▸ Records

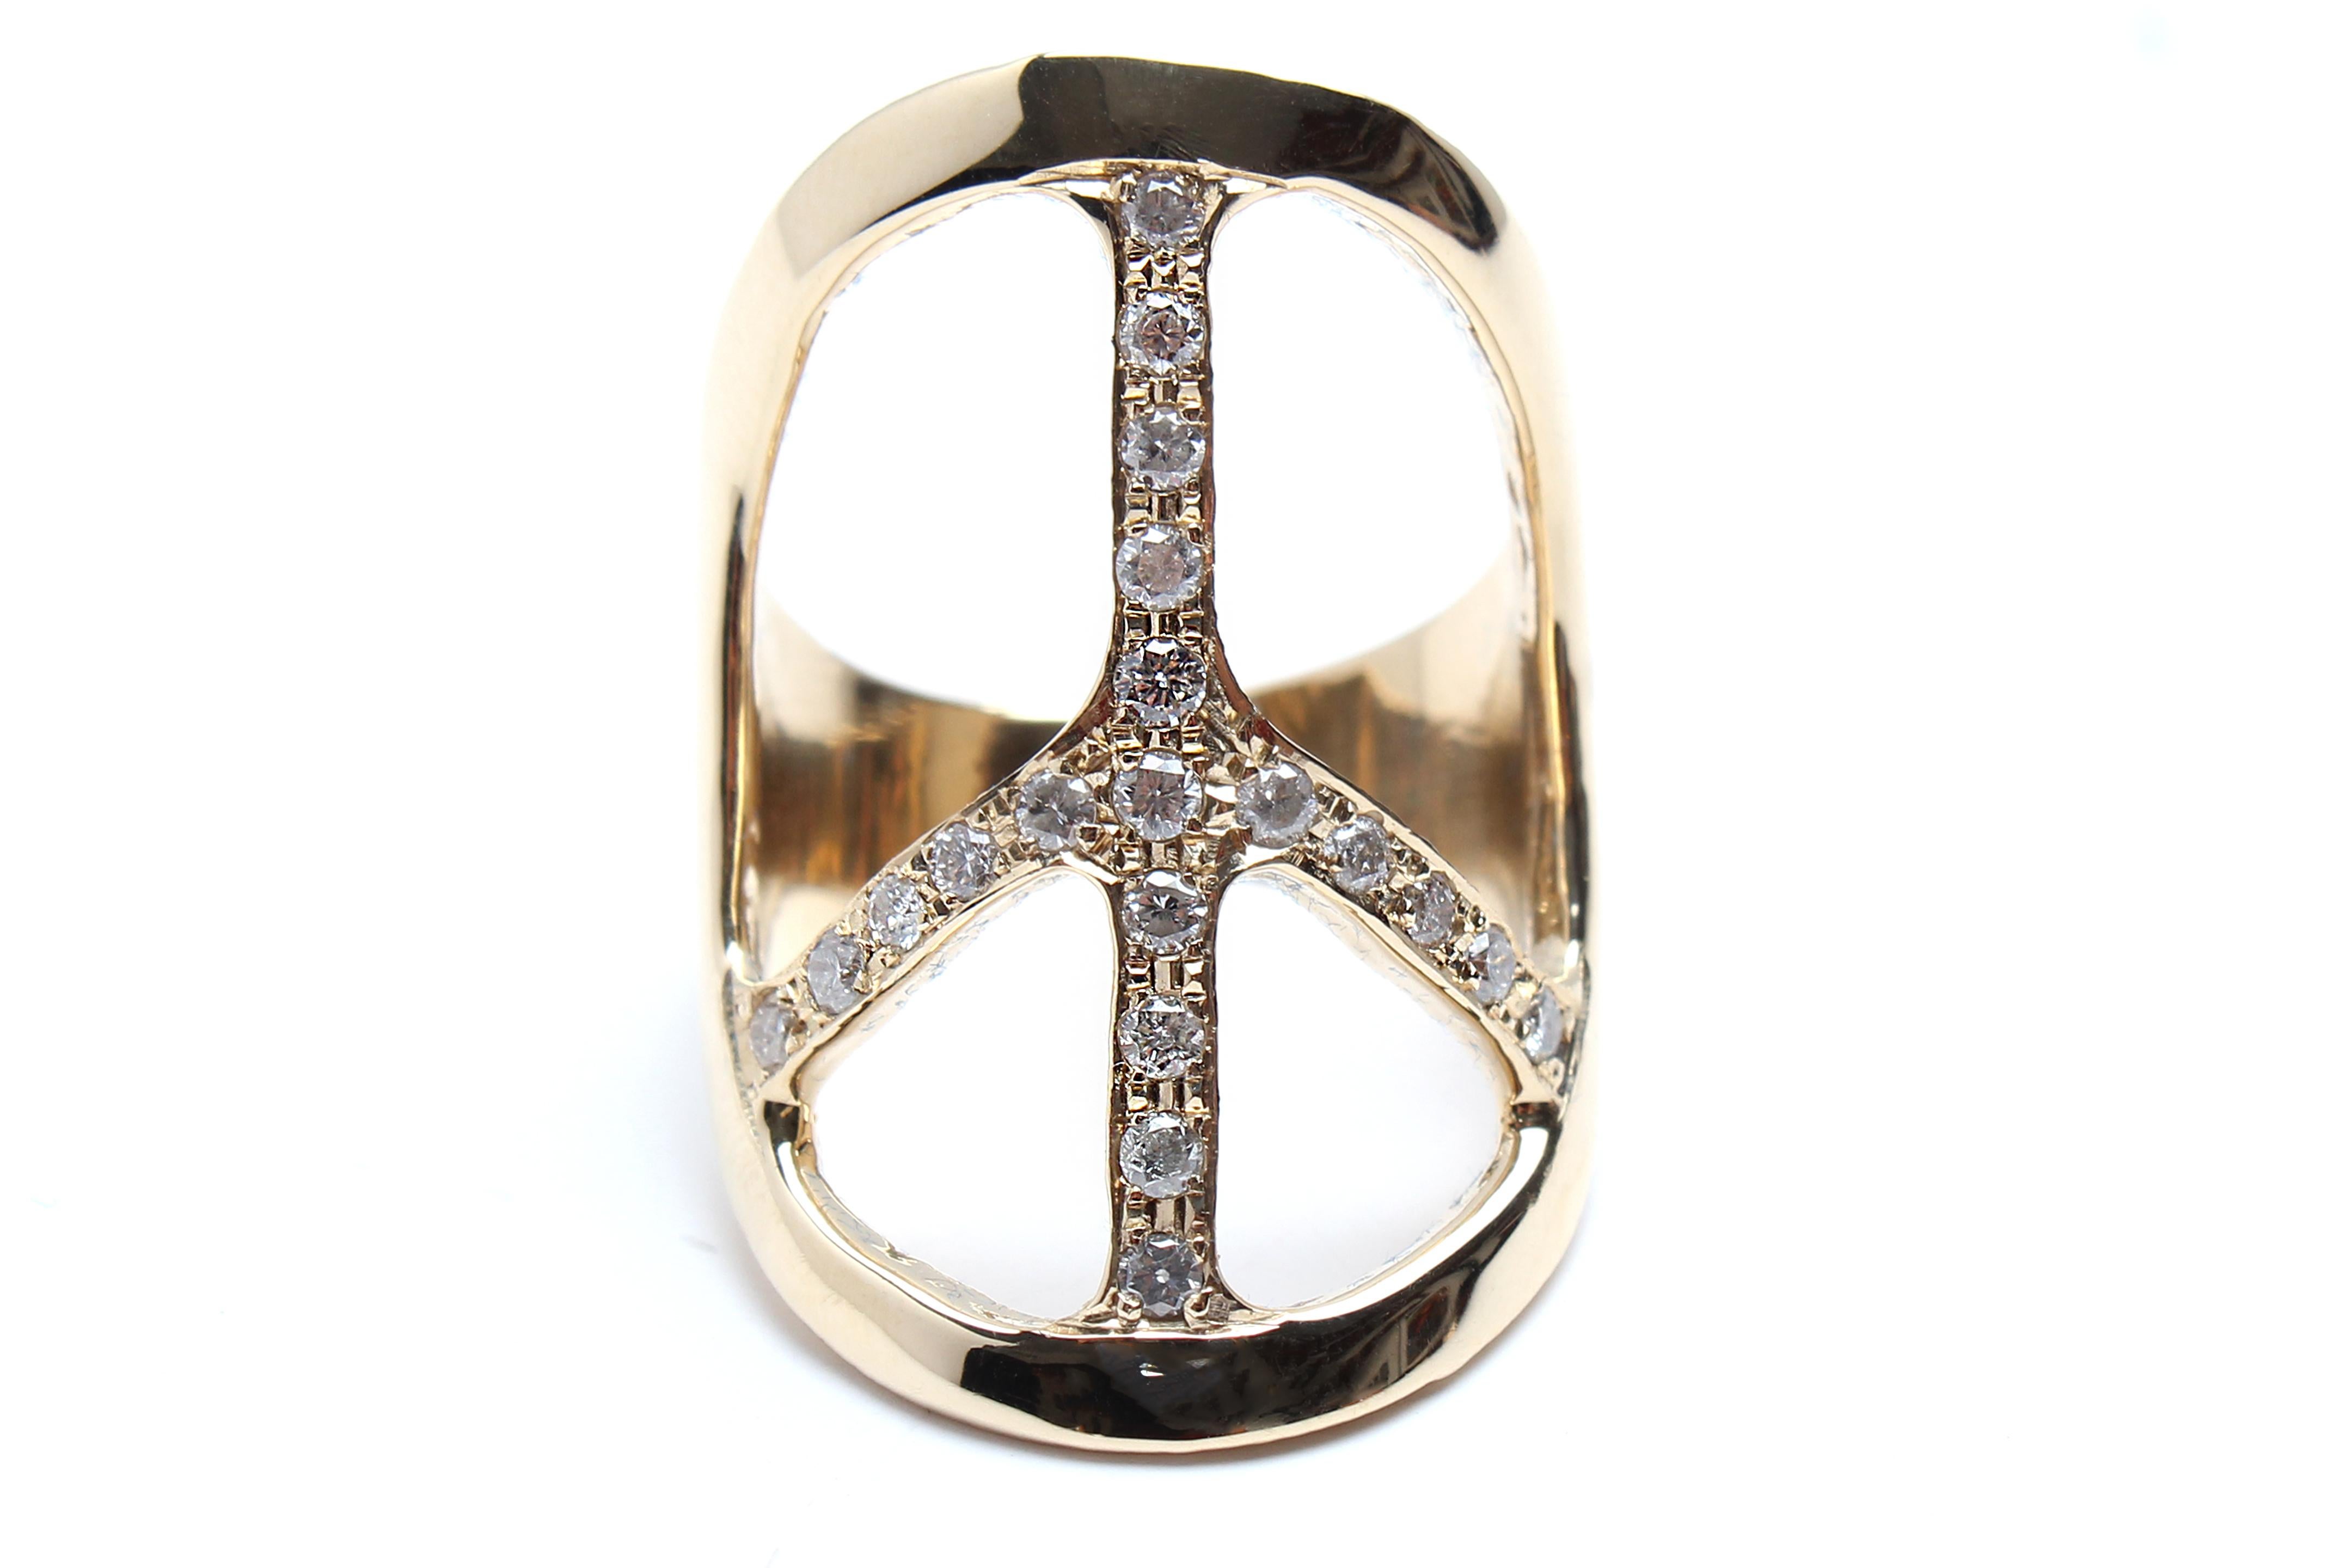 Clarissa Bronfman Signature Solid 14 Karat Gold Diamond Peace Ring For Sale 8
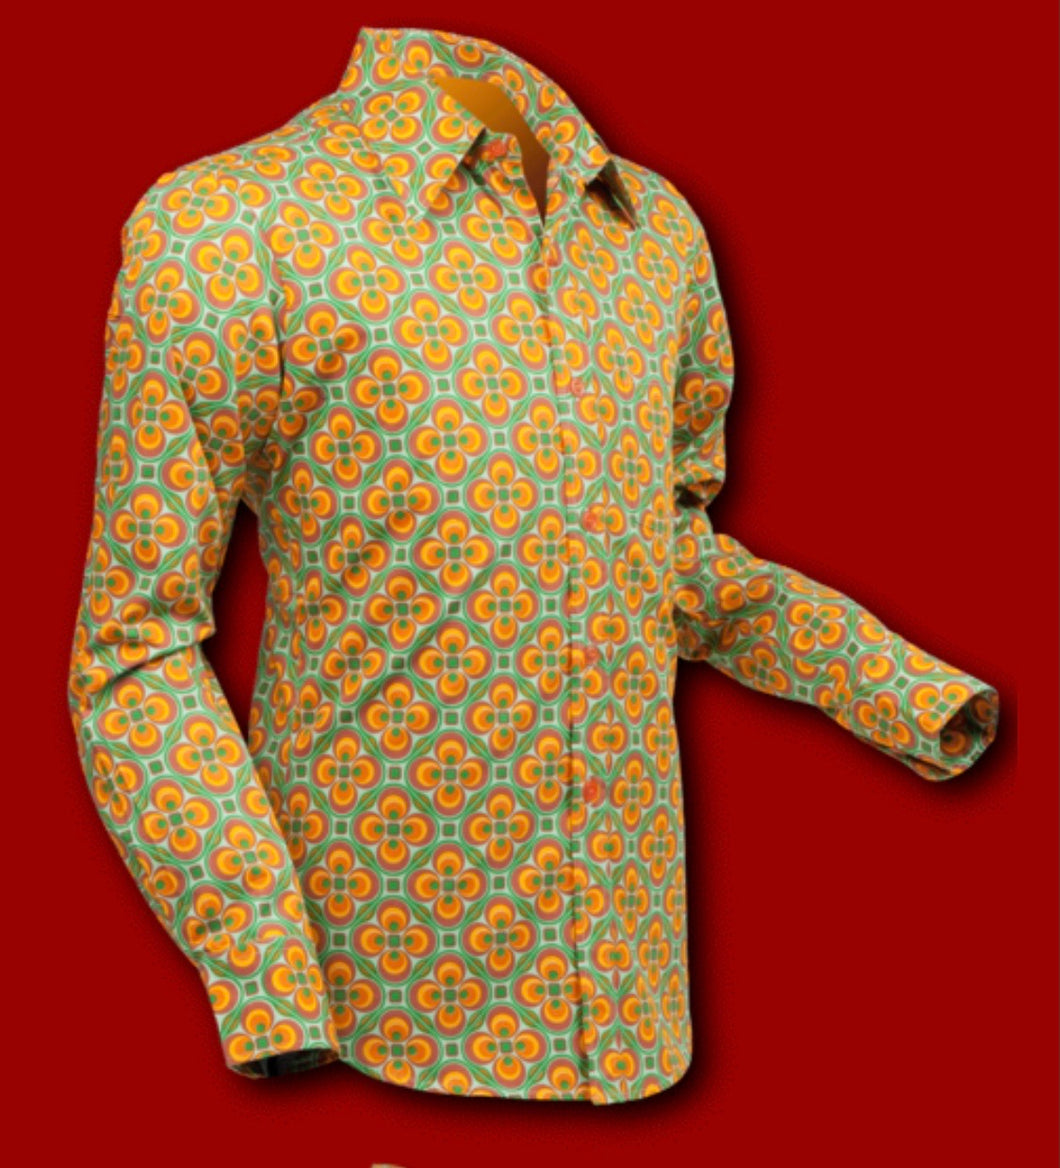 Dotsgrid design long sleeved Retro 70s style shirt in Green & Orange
---
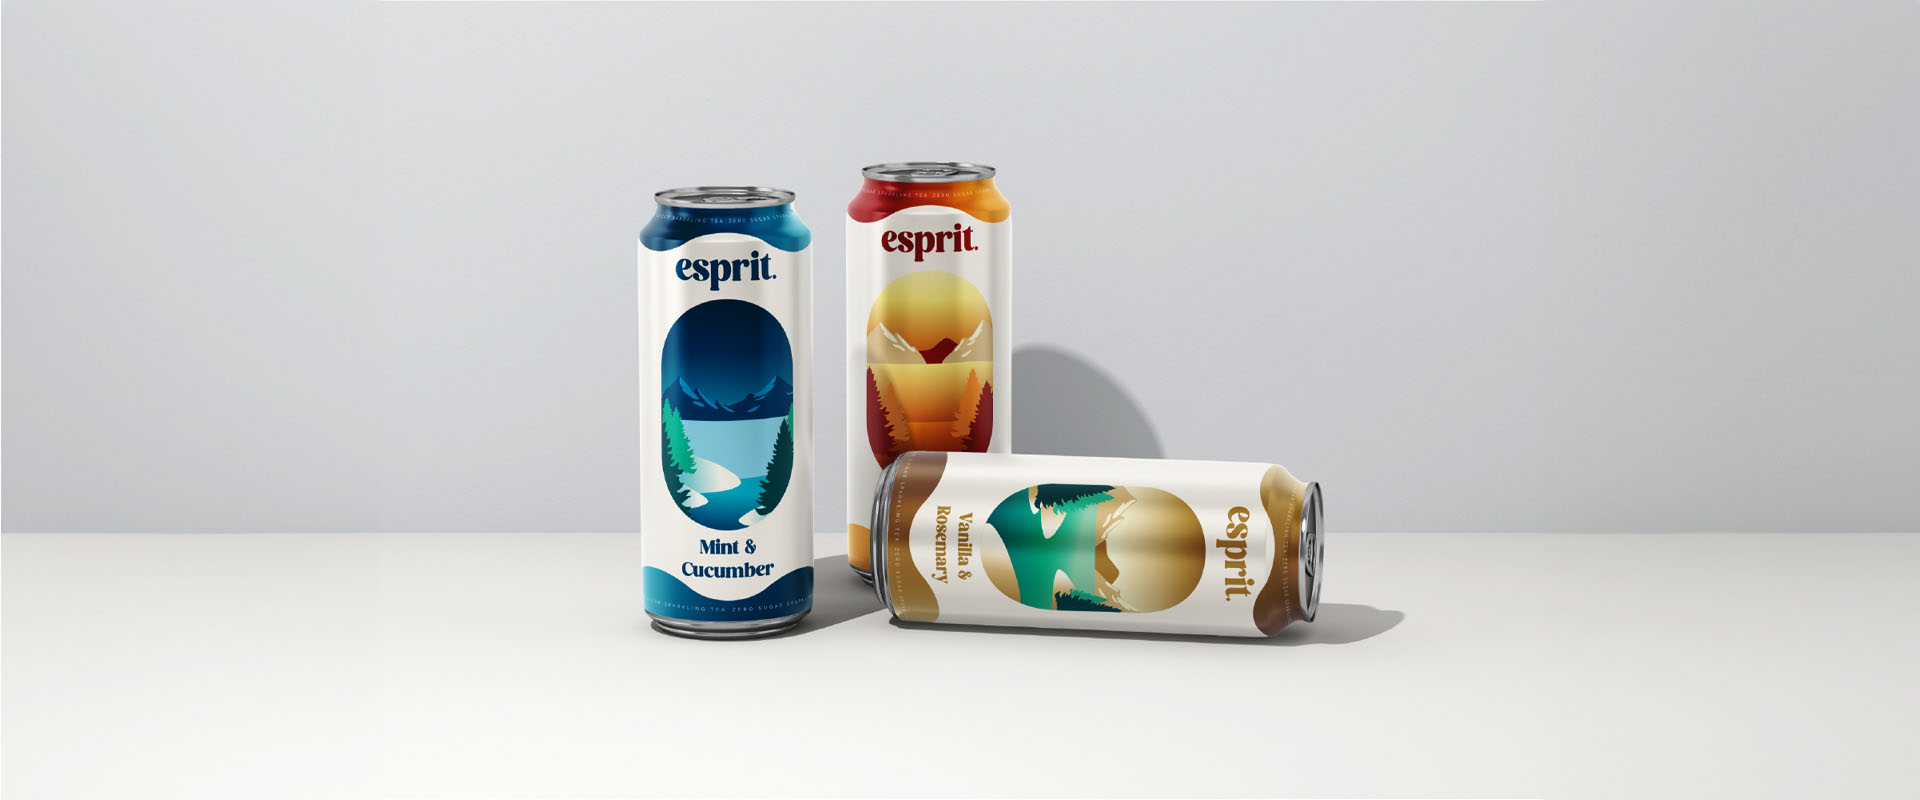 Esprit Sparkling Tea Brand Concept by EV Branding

▸ Your objective
Would you set down only the lines above from the line with "Clarissa Bronfman Signature" to the line with "Dotsgrid design long", both included, exactly as they stand and without the pictures?

▸ Written answer
 Clarissa Bronfman Signature Solid 14 Karat Gold Diamond Peace Ring For Sale 8
 Dotsgrid design long sleeved Retro 70s style shirt in Green & Orange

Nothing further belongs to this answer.